O ministro Flávio Dino, do Supremo Tribunal Federal, decidiu neste domingo (13) pela derrubada do sigilo dos documentos coletados pela Polícia Civil de São Paulo na apuração do financiamento do filme 'Dark Horse', que narra a trajetória do ex-presidente Jair Bolsonaro. A determinação abrange documentos que foram enviados pela Vara Estadual das Garantias de Organizações Criminosas e Lavagem de Bens, localizada no Foro Central Criminal da Barra Funda.
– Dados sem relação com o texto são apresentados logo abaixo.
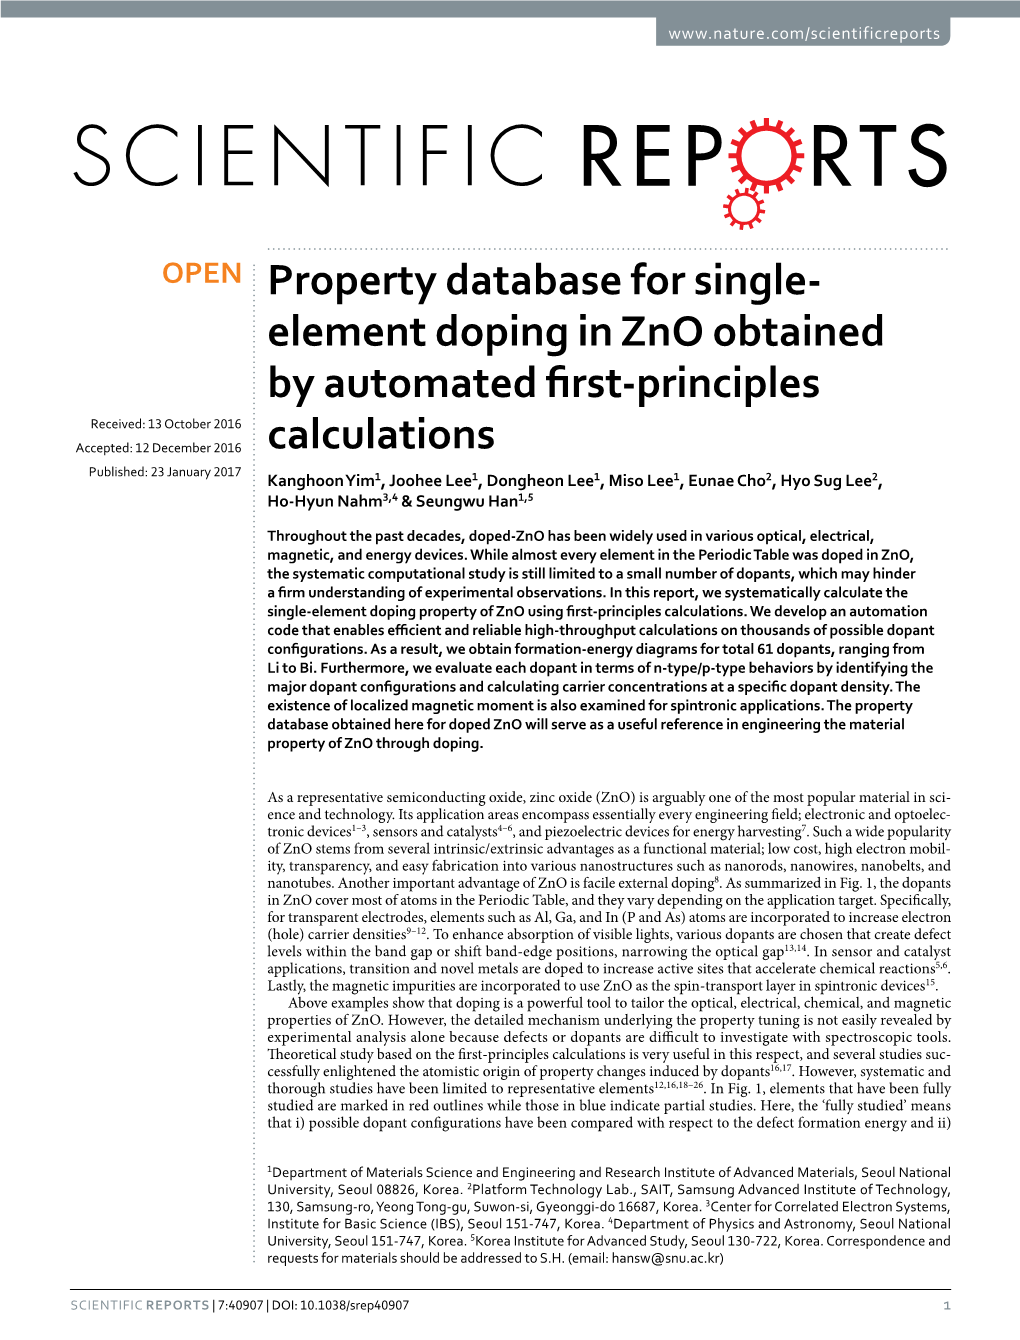 Element Doping in Zno Obtained by Automated First-Principles Calculations

Além disso, Dino requisitou à Secretaria de Segurança Pública de São Paulo que forneça à Polícia Federal todos os dados brutos obtidos a partir de celulares de pessoas físicas e jurídicas que estão sob investigação.
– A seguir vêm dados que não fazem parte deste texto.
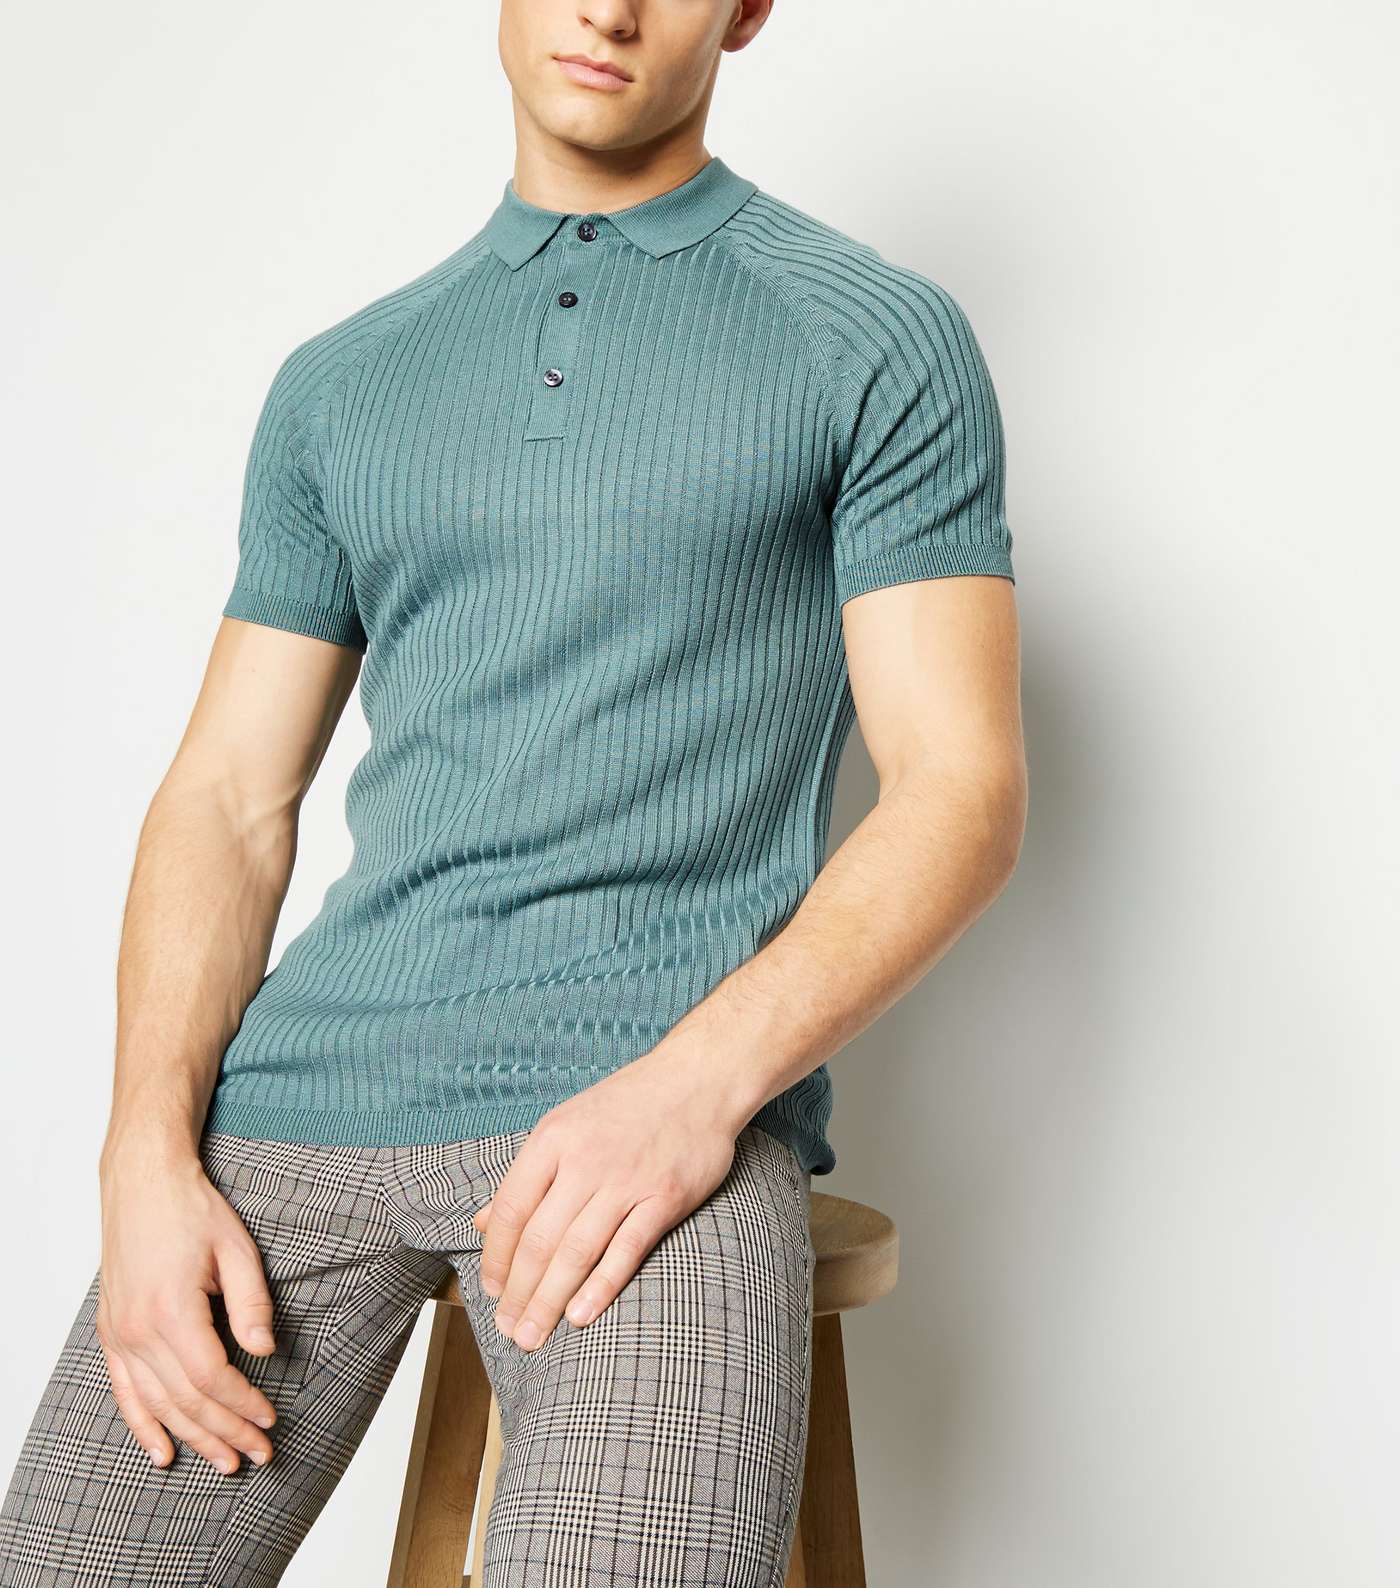 Teal Knit Muscle Fit Polo Shirt Image 5

A ordem de Dino não se limita apenas a telefonias, mas também inclui computadores e outros materiais apreendidos. Todos esses itens devem ser transferidos para a Polícia Federal, garantindo a preservação da cadeia de custódia e das demais garantias legais pertinentes.
As investigações estão focadas em suspeitas de desvio de recursos públicos que teriam origem em emendas parlamentares direcionadas a organizações ligadas à produtora responsável por 'Dark Horse'. Até o momento, não há um desfecho definitivo, e os investigadores estão se empenhando para determinar se houve desvio e utilização indevida do dinheiro público na produção do filme.
Parte do processo continua sob a supervisão de Dino, uma vez que envolve possíveis irregularidades no uso de emendas parlamentares, assunto que está sendo acompanhado pelo ministro no Supremo. A defesa do deputado Flávio Bolsonaro tentou transferir a investigação para o ministro André Mendonça, mas essa solicitação foi negada.
Na última quinta-feira (10), a Polícia Federal deu início à Operação Make Up, cumprindo 49 mandados de busca e apreensão em diversos estados, incluindo São Paulo, Rio de Janeiro, Ceará e Distrito Federal. Entre os investigados estão o deputado federal Mario Frias (PL-SP), que atua como produtor executivo do filme, e Karina Gama, que é responsável pela produtora Go Up Entertainment e também preside o Instituto Conhecer Brasil.
As investigações estão relacionadas a duas emendas propostas por Mario Frias, totalizando R$ 2 milhões, que foram destinadas ao Instituto Conhecer Brasil. Durante a apuração, órgãos de controle identificaram irregularidades na comprovação da execução de dois projetos, denominados Jovem Empreendedor e Lutando pela Vida, cada um dos quais recebeu R$ 1 milhão.